TASK DESCRIPTION – Could you return, exactly as written, every line from the one containing "Cromia handbags online in Vancouver" through the last line of the entries below, leaving out the pictures?

(Source records)
%%

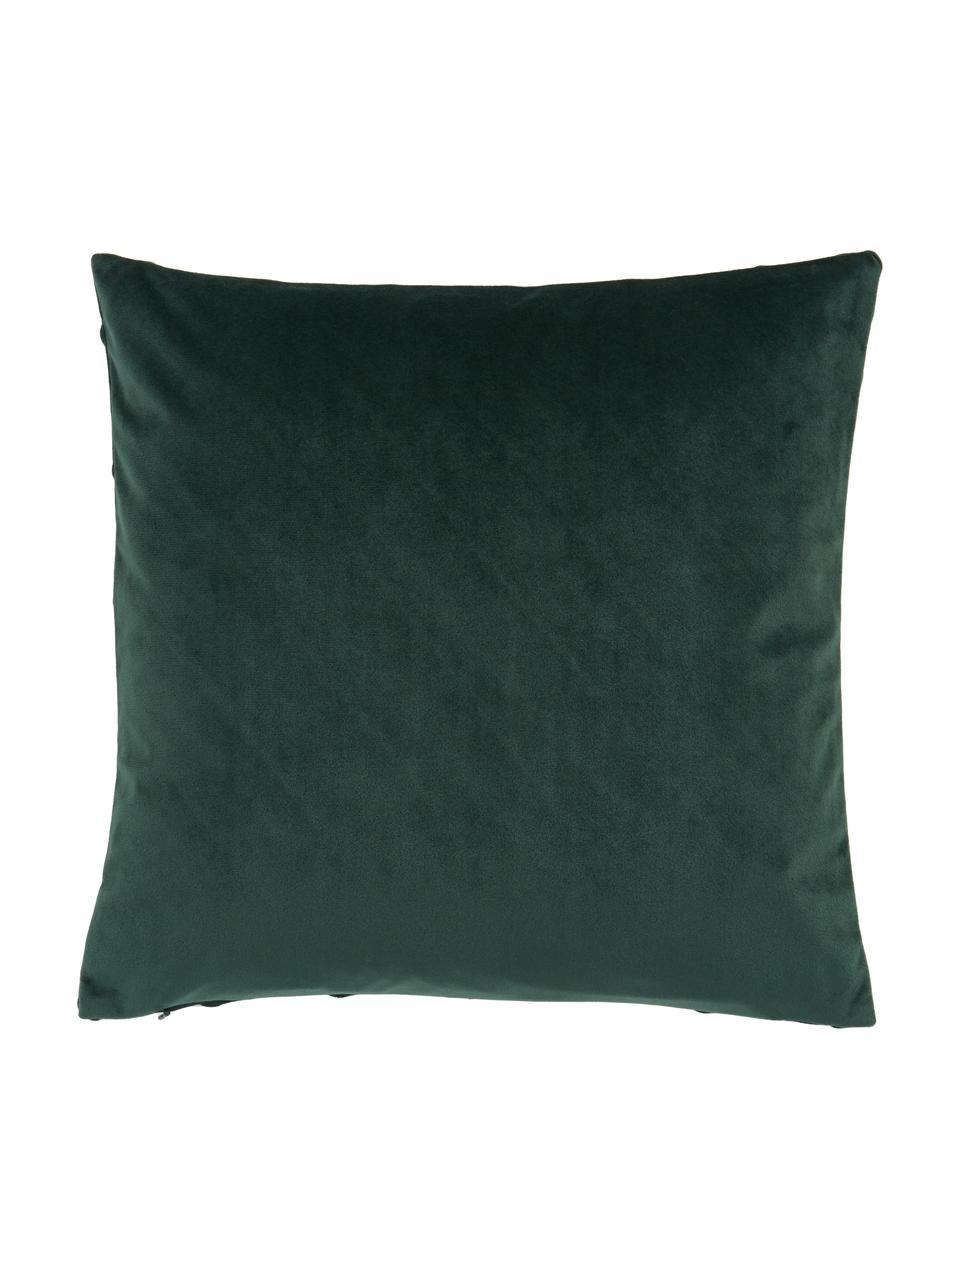 Samt-Kissenhülle Leyla in Dunkelgrün mit Struktumuster, Samt (100% Polyester), Grün, 40 x 40 cm
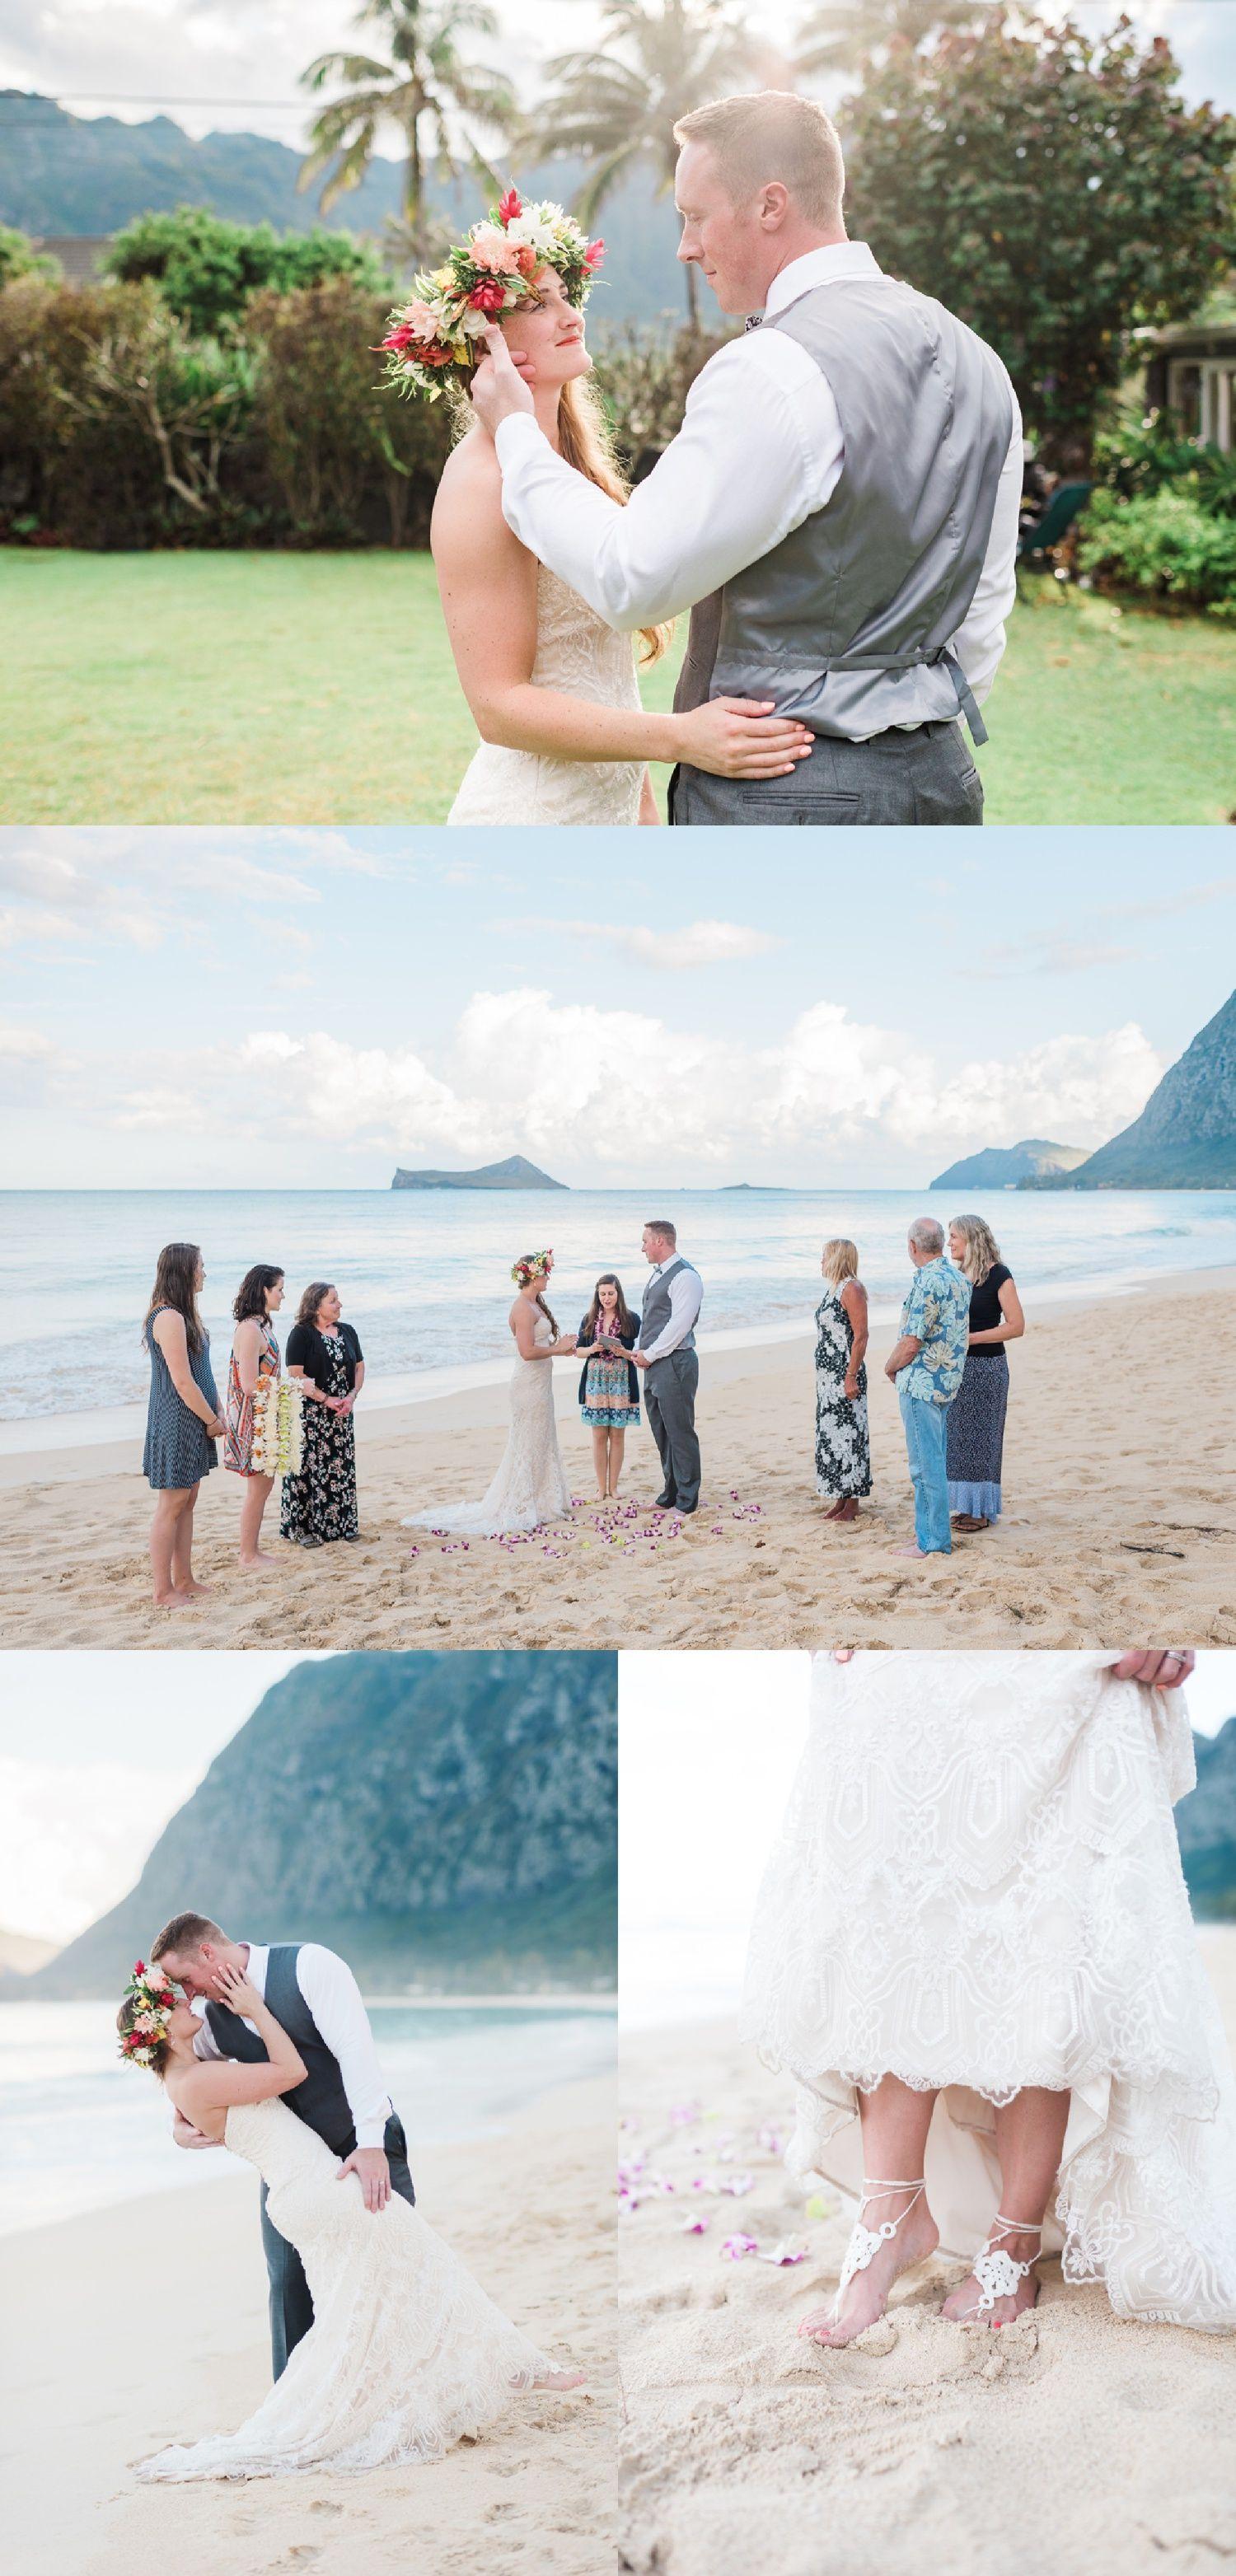 Kristal u sean at waimanalo beach u oahu elopement photographer my
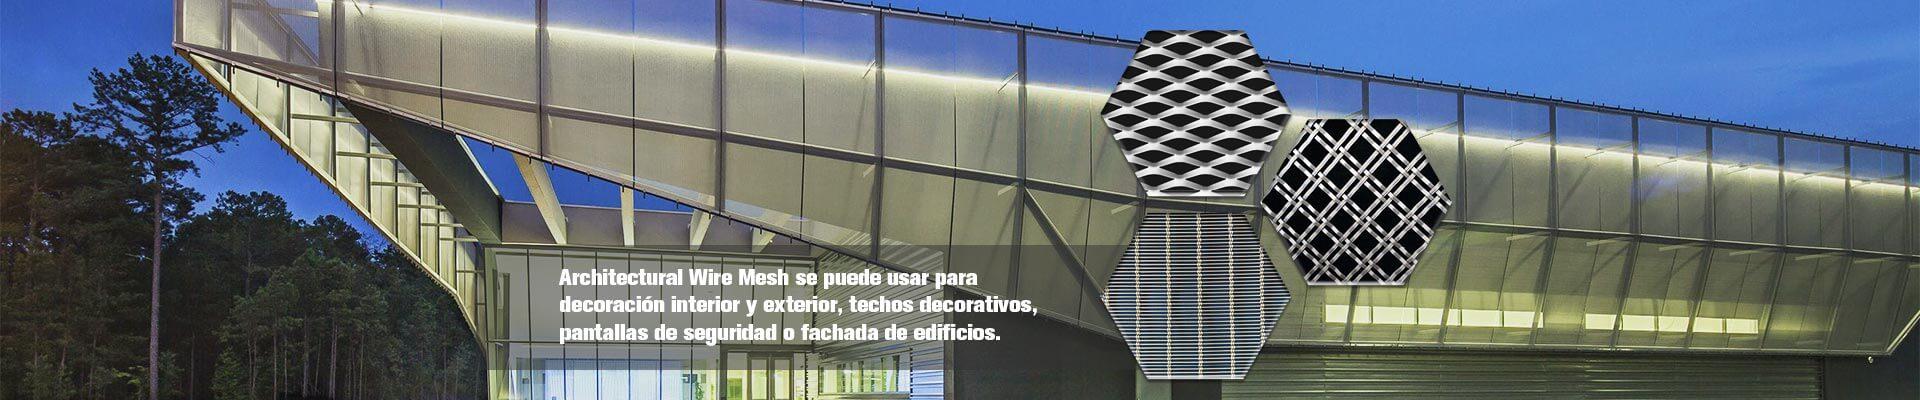 Malla arquitectónica
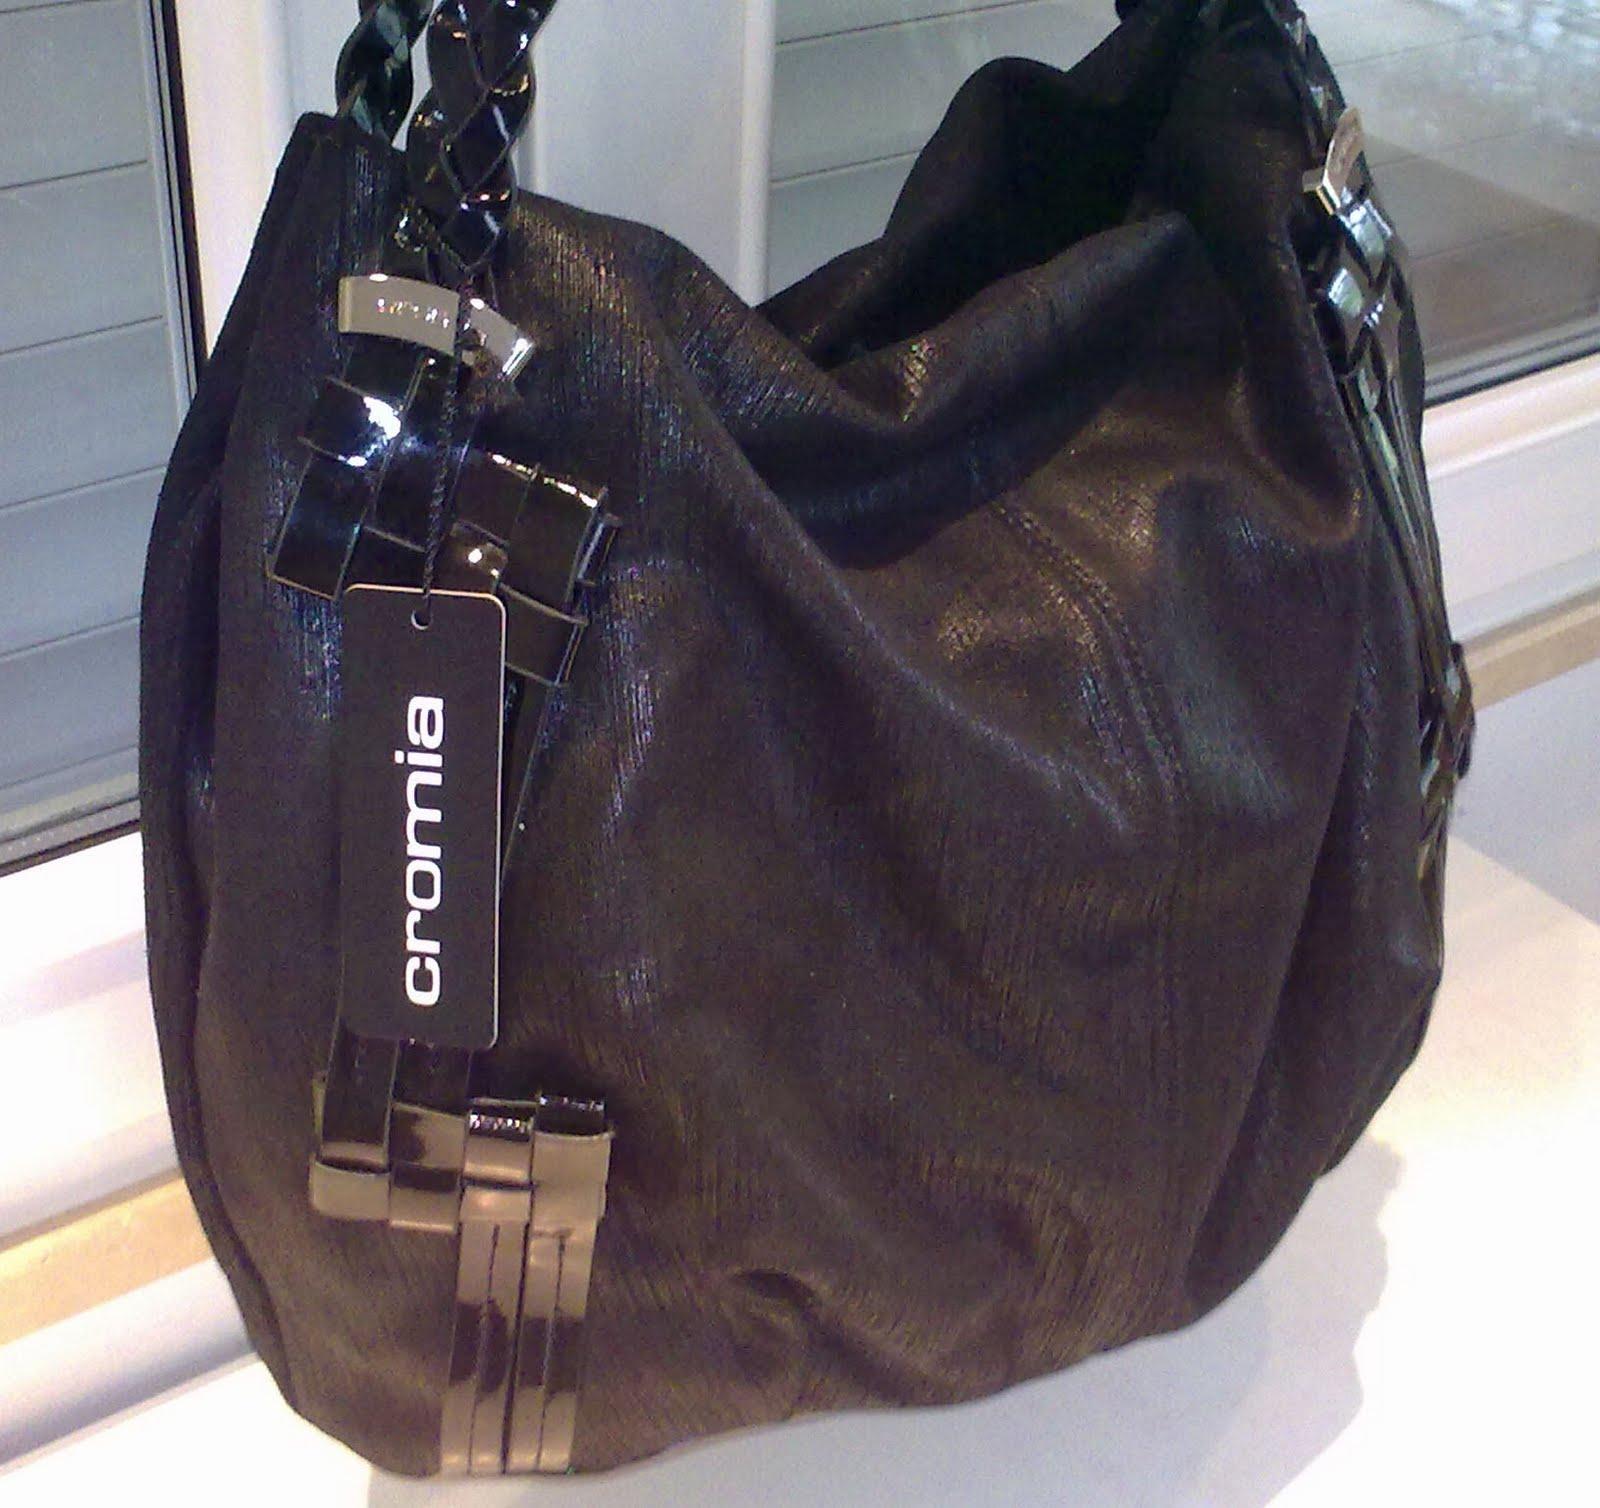 Cromia handbags online in Vancouver
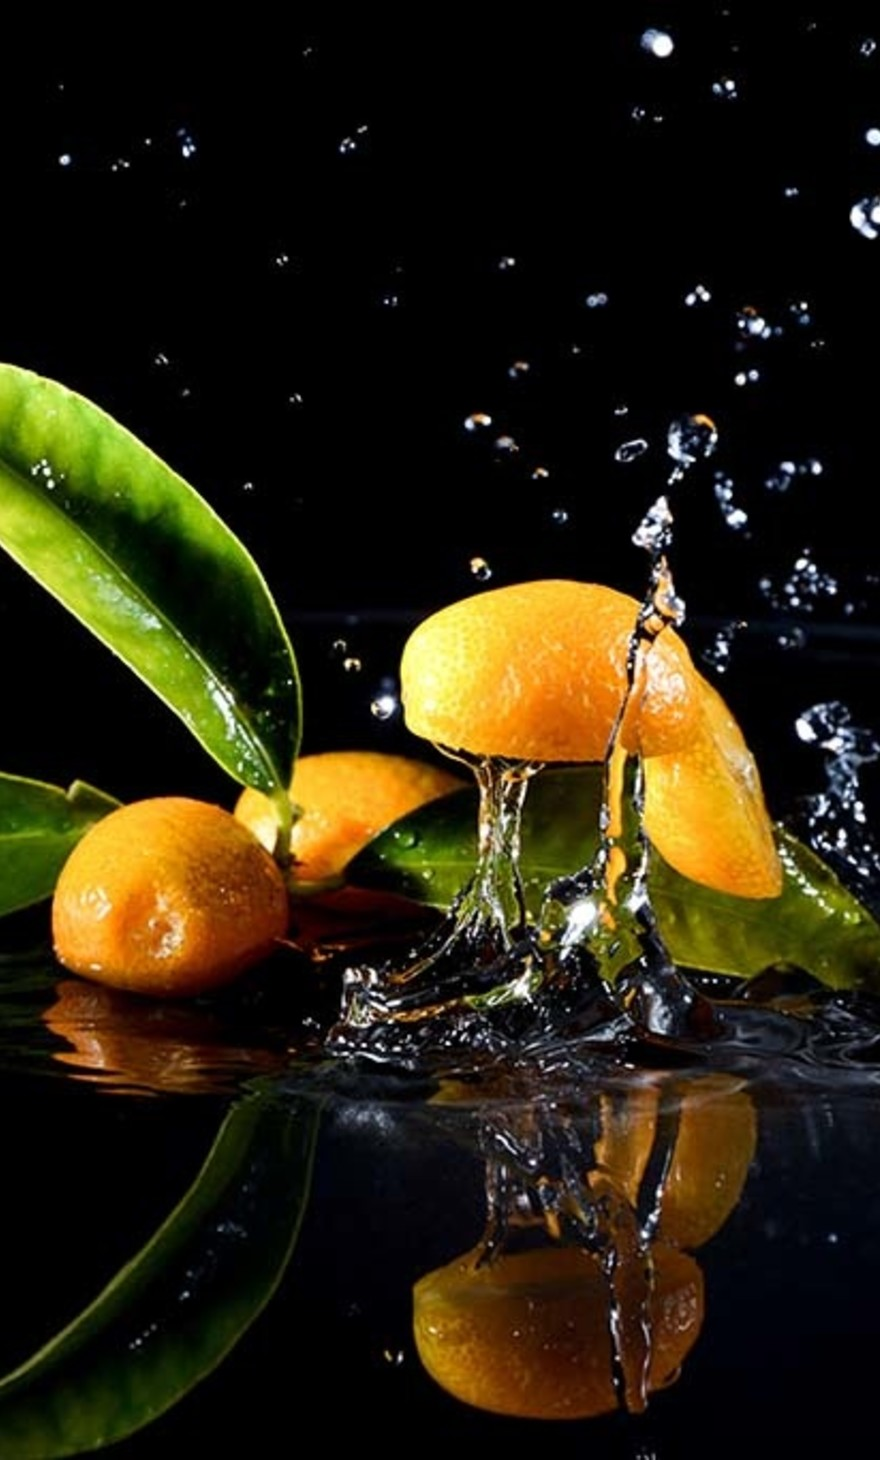 Splashing Clementines

%%

ANSWER SPACE –
 Cromia handbags online in Vancouver
 Splashing Clementines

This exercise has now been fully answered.